Ralph, Jack and Peterkin are stranded on a South Pacific island following a shipwreck. They manage to recover a few items from the ship but they are mostly at the mercy of the island. The boys never seem duly concerned about the wreck and happily set off on exploring the island and having a jolly good adventure. Jack declares that he should be the leader as he’s the oldest and Jack and Peterkin ‘gladly’ agree for he ‘inspired them with confidence’. Peterkin later gushes to Jack: ‘Jack, you’re a Briton – the best fellow I ever met in my life’, recalling Golding’s Ralph’s declaration: ‘We’re English and the English are best at everything.’ Here we can see two key contrasts between The Coral Island and Lord of the Flies. Both Jacks declare that they should be chiefs and while in Ballantyne’s story, this is accepted without argument, in Golding’s novel, the vote for Ralph to be chief sets into motion the eventual divide on the island. Golding’s Ralph never lets the boys forget that their main aim is rescue but the boys on the Coral Island rarely mention rescue; instead they live on ‘their’ island in ‘uninterrupted harmony and happiness’.

The boys on Coral Island don’t face any danger from each other. However, they do come across enemies in the form of ‘savages’ –native inhabitants of the surrounding islands. The Coral Island is at heart an imperialist text; the boys come across some ‘natives’ who have been ‘tamed’ by Christian missionaries and these are juxtaposed with tribes of cannibals who sacrifice babies to their gods. Two warring tribes invade their island; the boys intervene and manage to stop the atrocities. Ralph is captured by pirates before returning to his island, and Jack and Peterkin, in a happy, and extraordinarily fortunate, twist of fate.
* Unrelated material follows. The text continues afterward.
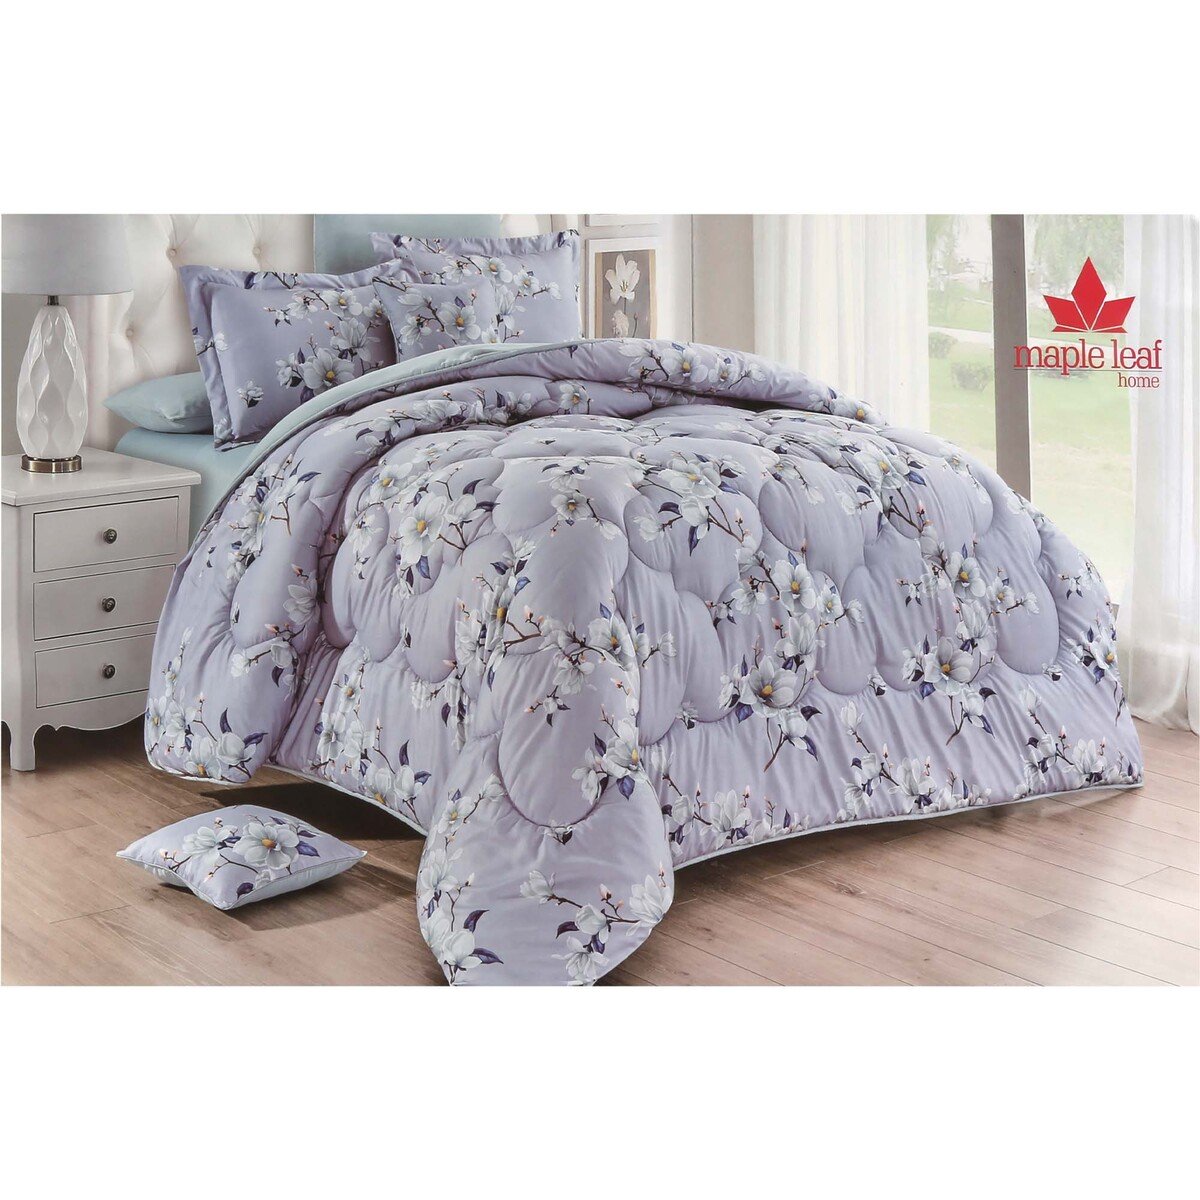 Maple Leaf Comforter Set 8pcs Set 240x260cm Assorted Colors & Designs

The Coral Island is directly referenced by Golding in Lord of the Flies. During the first assembly when Ralph is persuading the boys that they can have a ‘good time’ on the island, he says: ‘It’s like in a book’. The boys shout back excitedly: ‘Treasure Island … Swallows and Amazons … Coral Island’. When the Naval Officer arrives, and before he fully understands what has happened, he says, ‘Jolly good show. Like The Coral Island’. These allusions are quite deliberate to show Golding’s subversion of Ballantyne’s fantastical tale. Ballantyne presents a romantic vision of three boys who, without the conventions of society, are still able to usefully work together for each other’s good and against the savage forces that threaten them. Golding shatters this illusion in Lord of the Flies. Without rules and without adult guidance, Golding’s boys demonstrate the evil within. As Simon says, ‘maybe there is a beast … maybe it’s only us’.